I just can't find the words to describe how happy I was to receive so much feedback and understanding on your part, this community is truly wonderful <3
I'll work on some of your (legal) ideas in my spare time, which is not much but I work fast! So far I've designed a generalized edit distance function with some pretty cool properties that would make it useful for running an organization under non-friendly conditions:
$ cat message1.txt
Liberal anti-fascism is a reactionary idea. Anti-fascism is not practical without being anti-capitalist.
$ cat message2.txt
The anti-fascism of liberals is not a progressive idea.
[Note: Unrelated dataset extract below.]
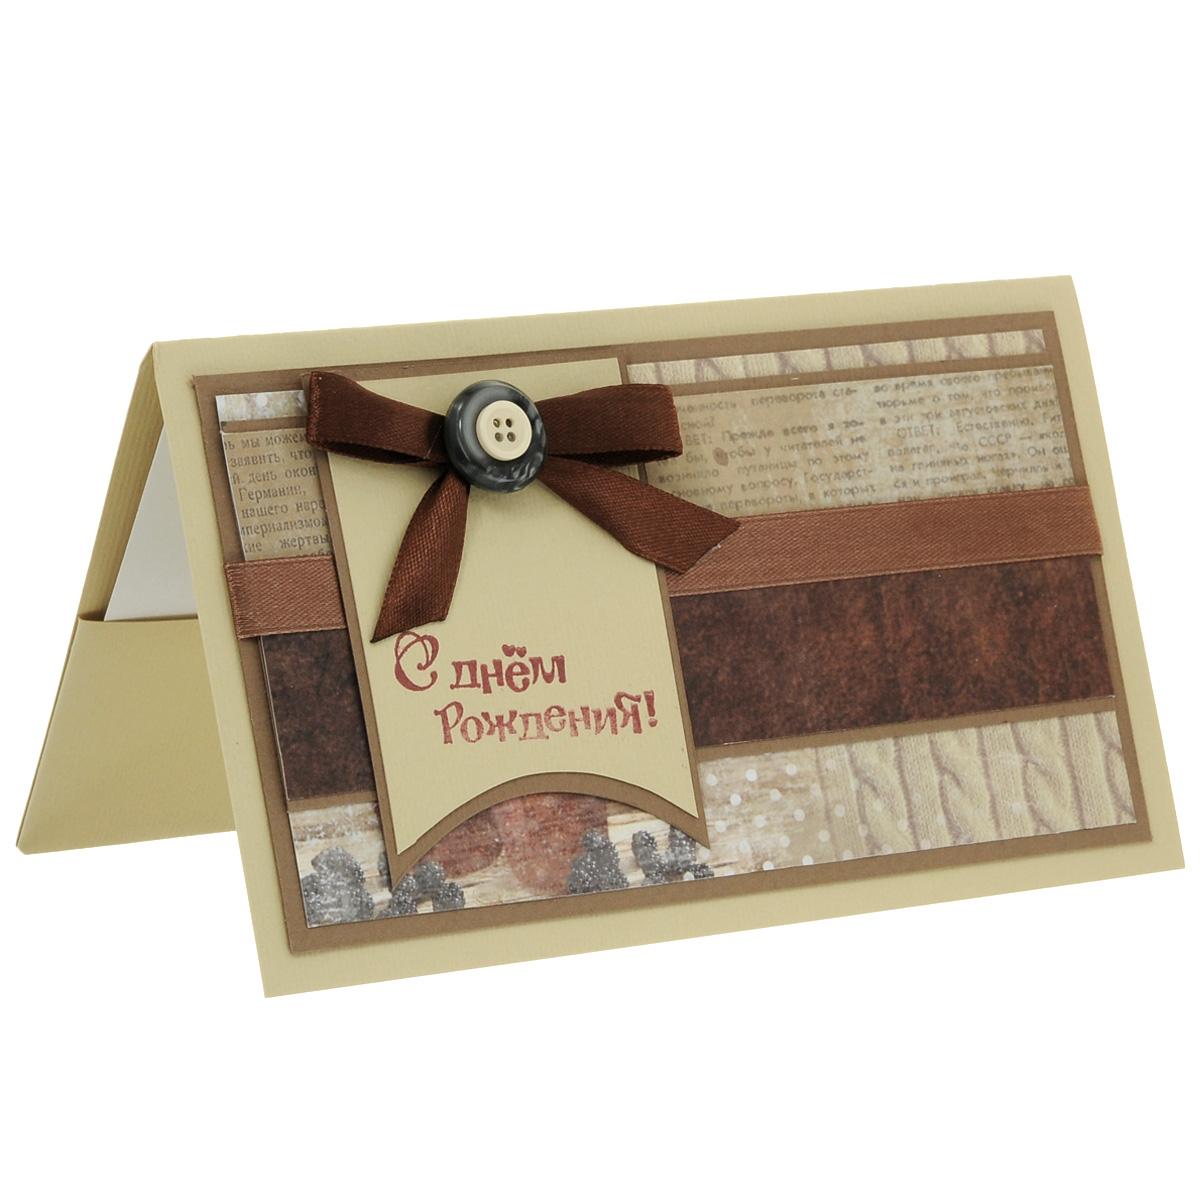 ОМ-0013 Открытка-конверт «Поздравляем!». Студия «Тётя Роза»123434Характеристики: Размер 19 см x 11 см.Материал: Высоко-художественный картон, бумага, декор. Данная открытка может стать как прекрасным дополнением к вашему подарку, так и самостоятельным подарком. Так как открытка является и конвертом в который вы можете вложить ваш денежный подарок или просто написать ваши пожелания на вкладыше. Конверт выполнен в старинном винтажном стиле.Дизайн построен на сочетании коричневых оттенков.В лицевой части поздравления использованы различные принты, напоминающие своими рисунком разно-фактурные материалы. Атласная лента, бант и пуговицы выразительно декорируют общую идею. Также открытка упакована в пакетик для сохранности.Обращаем Ваше внимание на то, что открытка может незначительно отличаться от представленной на фото.Открытки ручной работы от студии Тётя Роза отличаются своим неповторимым и ярким стилем. Каждая уникальна и выполнена вручную мастерами студии. (Открытка для мужчин, открытка для женщины, открытка на день рождения, открытка с днем свадьбы, открытка винтаж, открытка с юбилеем, открытка на все случаи, скрапбукинг)
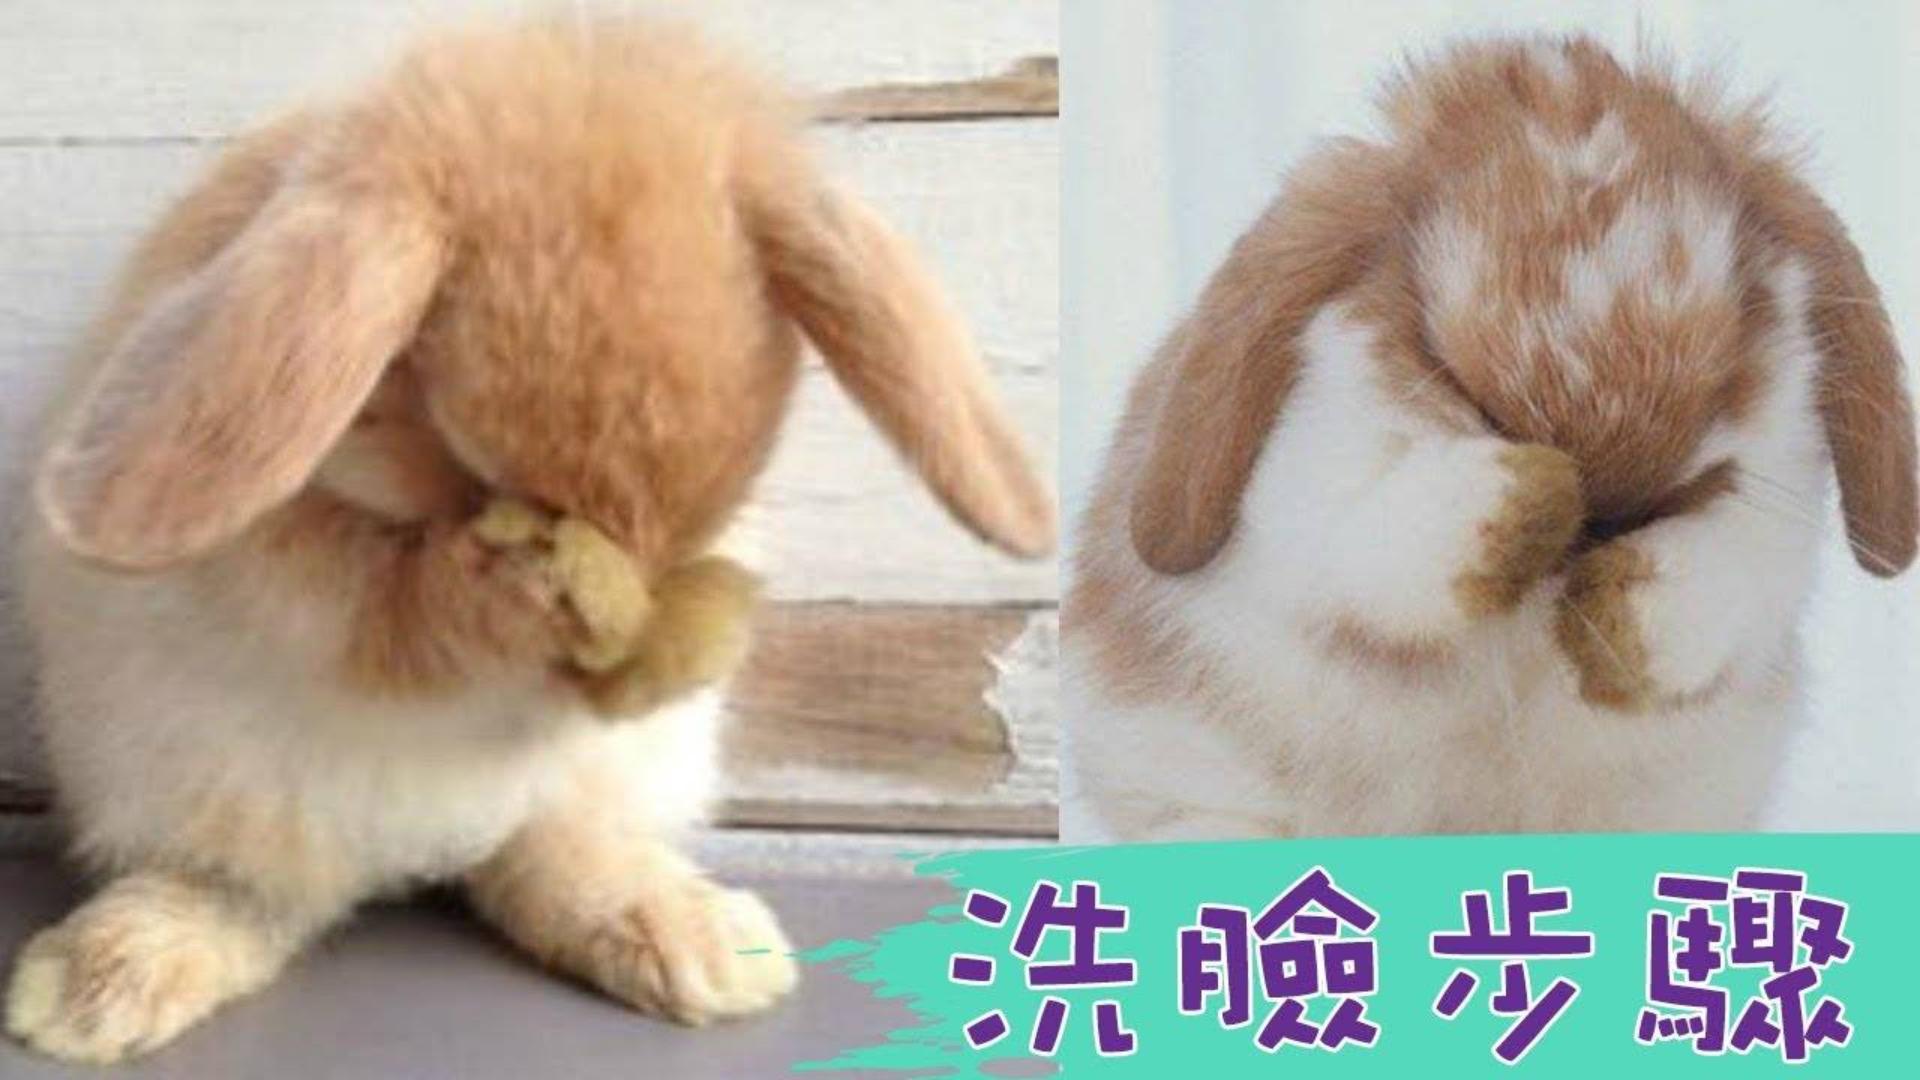 怎么这么可爱!小兔兔洗脸有一定的步骤耶,有哪几个步骤你们看出来了吗

It is impractical with no anti-capitalism.
$ cat leak.txt
Liberals' anti-fascism is not useful without anti-capitalism, not a progressive idea.
$ ./trace.py leak.txt message*.txt
Delta | File name
----------------------
19 | message1.txt
8 | message2.txt
Predicted origin of 'leak.txt' is 'message2.txt'.
So far it works with any sufficiently long text I've thrown at it. Make two versions of any text, rewrite any of the two into a third file, and the algorithm will trace its origin. Also the math is pretty elegant!
For obvious reasons I won't be publishing any of it any time soon :) Maybe the RTC will advise me on what to do. Or maybe I'll just hoard a bunch of software like this. Anyway, thanks, I'll keep at it.